Common event names: `thread.started`, `thread.forked`, `turn.started`,
`turn.lifecycle`, `turn.steered`, `turn.interrupt_requested`,
`turn.completed`, `item.started`, `item.delta`, `item.completed`,
`item.failed`, `item.interrupted`, `approval.required`, `approval.decided`,
`approval.timeout`, `sandbox.denied`, `coherence.state`.
## Security boundary
- **Localhost by default**. The server binds to `127.0.0.1` by default.
`--mobile` binds to `0.0.0.0` when no host is supplied so phones on the same
LAN can reach it, and the CLI prints a warning for that rebind. Pass
`--host 127.0.0.1` for a loopback-only mobile page. Set a non-loopback host
only when you trust the network path or have a reverse-proxy / VPN that
authenticates. The runtime does not provide user isolation or TLS.

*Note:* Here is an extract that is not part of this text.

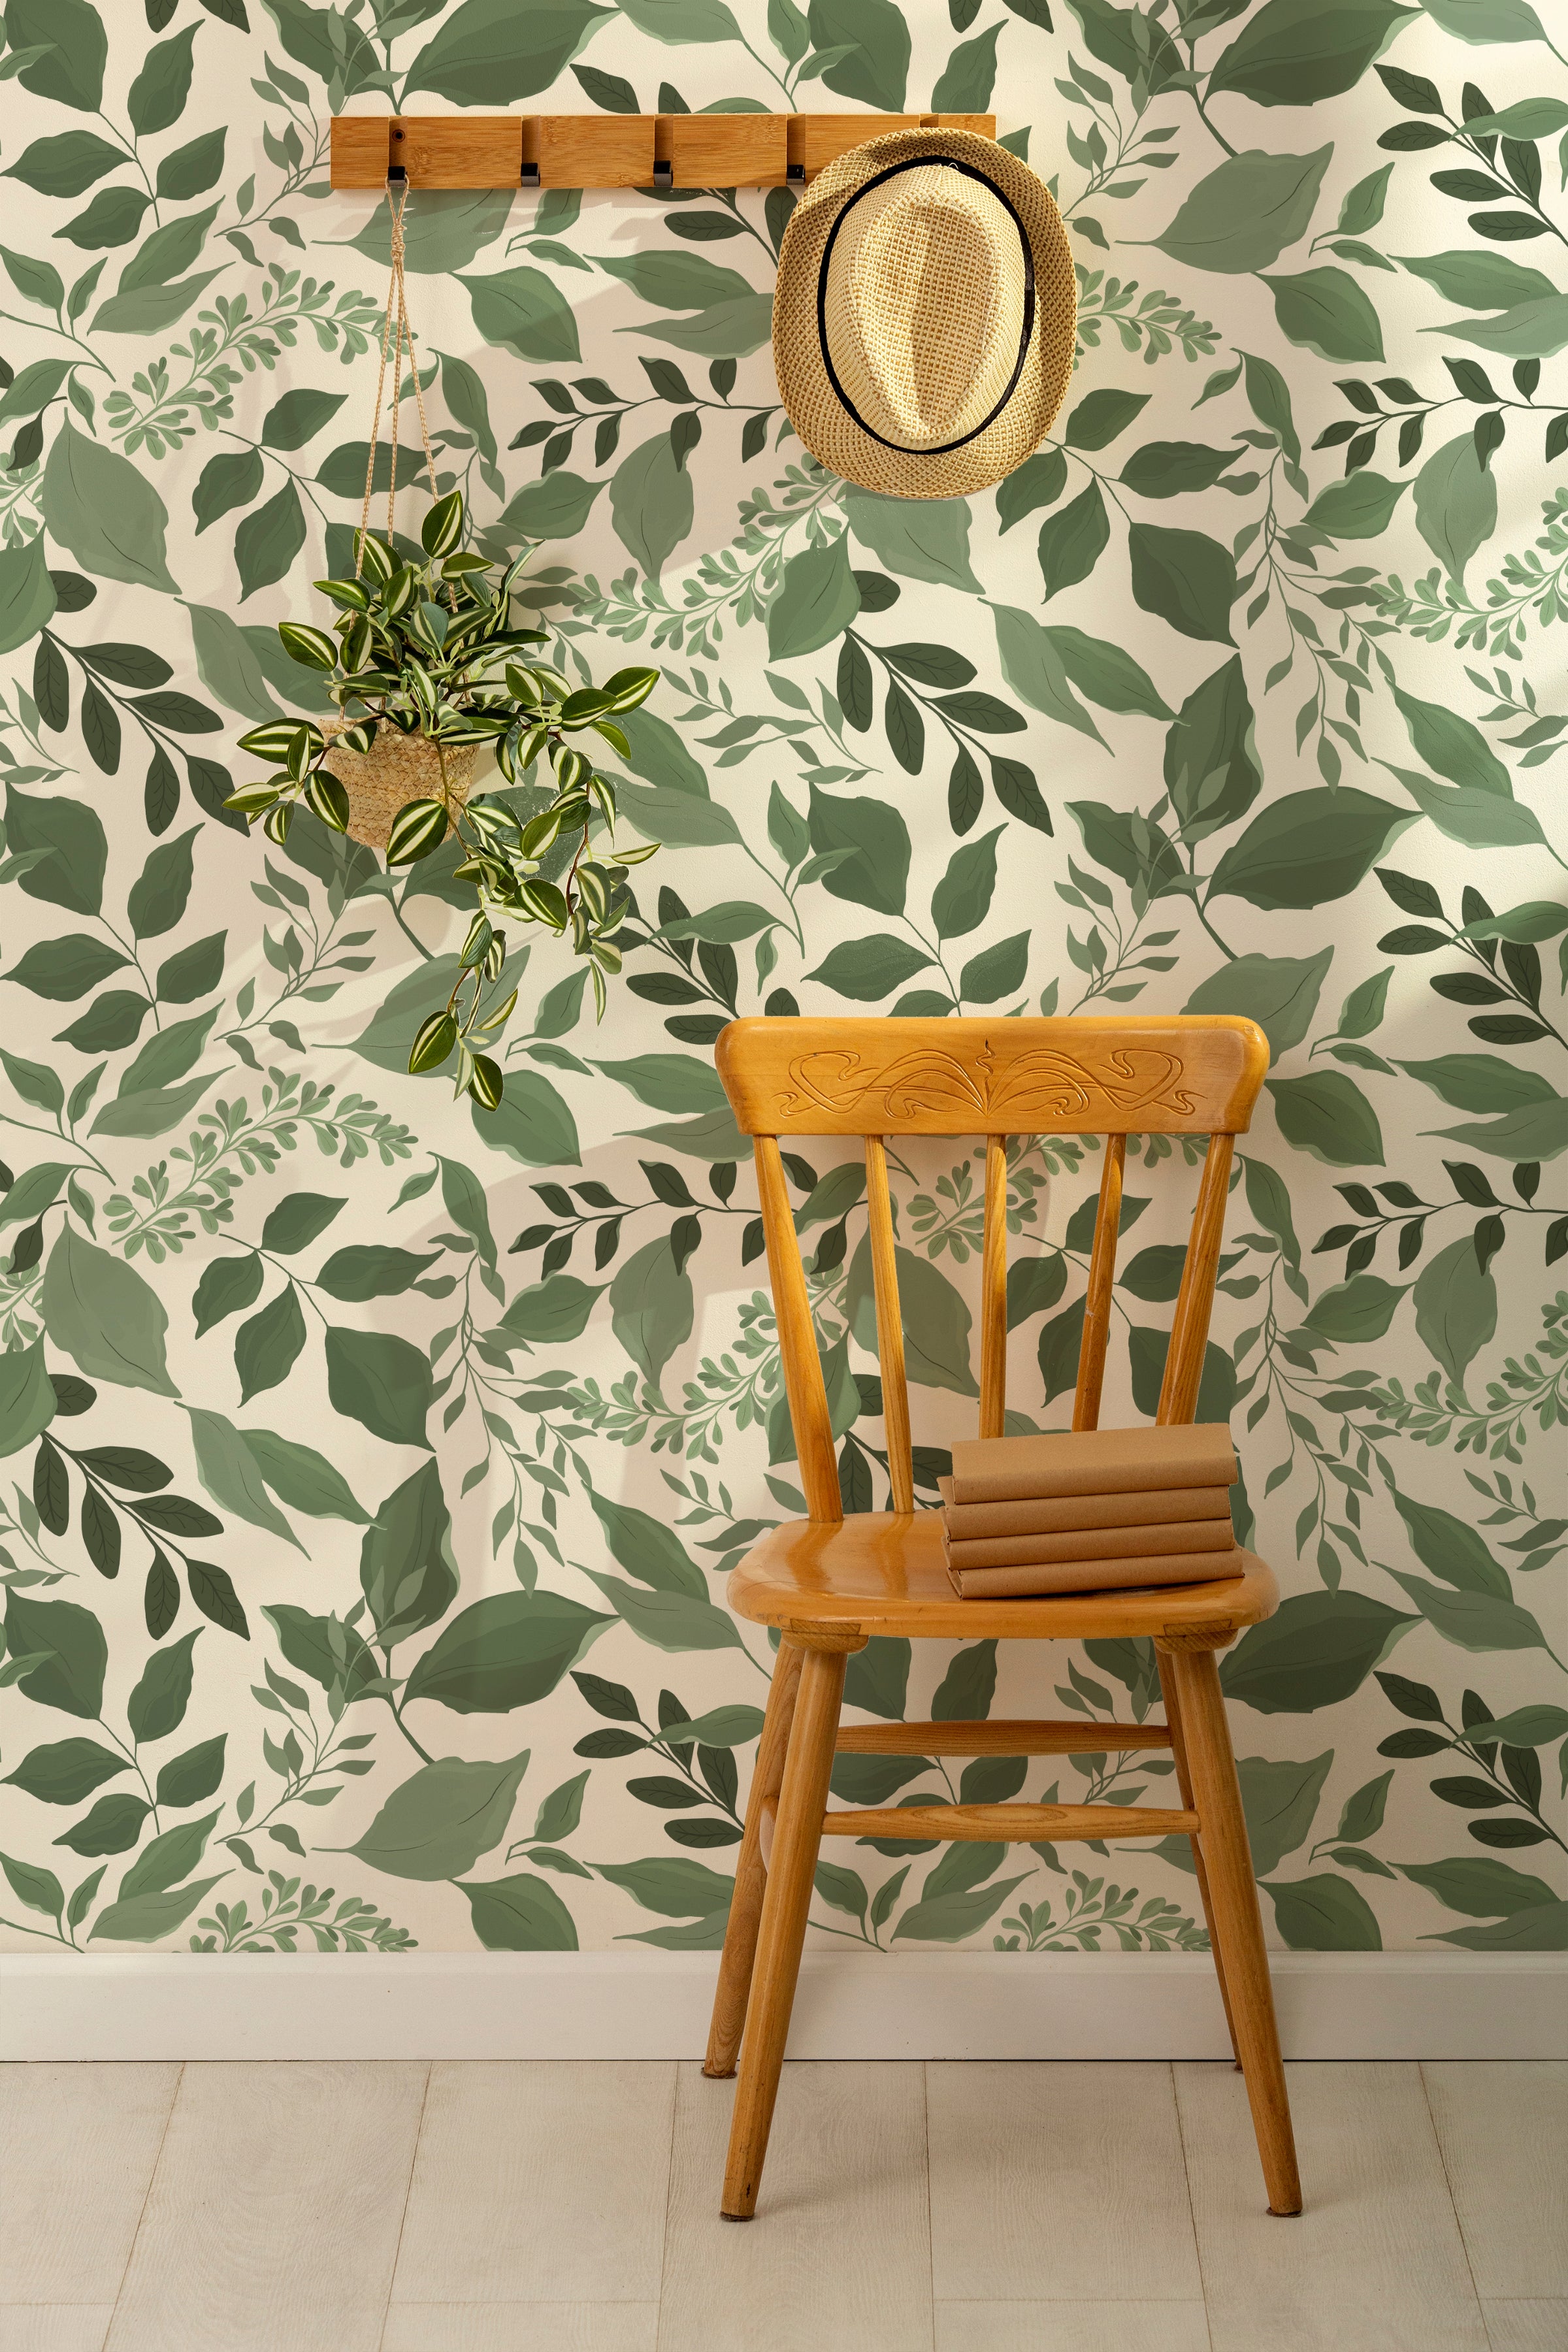 an interior scene with "Green Goddess Wallpaper." A single wooden chair with a woven hat hanging above it is set against the wallpaper, highlighting the room's natural aesthetic. A potted hanging plant with greenery that complements the wallpaper adds a three-dimensional element to the space.

- **Optional token guard**. `--auth-token` or `DEEPSEEK_RUNTIME_TOKEN`
requires a matching bearer token for `/v1/*` routes. This is a local
convenience guard, not a replacement for TLS, VPN, or a trusted reverse
proxy on public networks.
- **No provider-token custody**. The server never returns the API key. The
`api_key.source` capability field reports `env`, `config`, or `missing` —
never the key itself.
- **No hosted relay**. The app-server is a local process under the user's
control. There is no cloud component.
- **Capability responses** never leak secrets, file contents, or session
message bodies. They report *metadata*: presence, counts, status flags.
### CORS allow-list
The runtime API ships with a built-in dev-origin allow-list:
`http://localhost:3000`, `http://127.0.0.1:3000`, `http://localhost:1420`,
`http://127.0.0.1:1420`, `tauri://localhost`. To add additional origins (e.g.
when developing a UI on Vite's default `:5173`), use any of:
- CLI flag (repeatable): `codewhale serve --http --cors-origin http://localhost:5173`
- Env var (comma-separated): `DEEPSEEK_CORS_ORIGINS="http://localhost:5173,http://localhost:8080"`
- Config (`~/.codewhale/config.toml`):
```toml
[runtime_api]
cors_origins = ["http://localhost:5173"]
```
User-supplied origins **stack on top of** the built-in defaults; they do not
replace them. Wildcard origins are not supported — the explicit allow-list
model is preserved. Added in v0.8.10 (#561).
## Session lifecycle (native UI supervision)
| Operation | Endpoint |
|---|---|
| List sessions | `GET /v1/sessions` |
| Get session | `GET /v1/sessions/{id}` |
| Delete session | `DELETE /v1/sessions/{id}` |
| Resume into thread | `POST /v1/sessions/{id}/resume-thread` |
| Create thread | `POST /v1/threads` |
| List threads | `GET /v1/threads` |
| Attach to events | `GET /v1/threads/{id}/events?since_seq=0` |
| Send message | `POST /v1/threads/{id}/turns` |
| Steer | `POST /v1/threads/{id}/turns/{turn_id}/steer` |
| Interrupt | `POST /v1/threads/{id}/turns/{turn_id}/interrupt` |
| Compact | `POST /v1/threads/{id}/compact` |
## Compatibility tests
Contract snapshots live in `crates/protocol/tests/`. Run:
```bash
cargo test -p codewhale-protocol --test parity_protocol --locked
```
This validates that the app-server's event schema hasn't drifted from the
documented contract. CI runs this on every push to `main` and on release tags.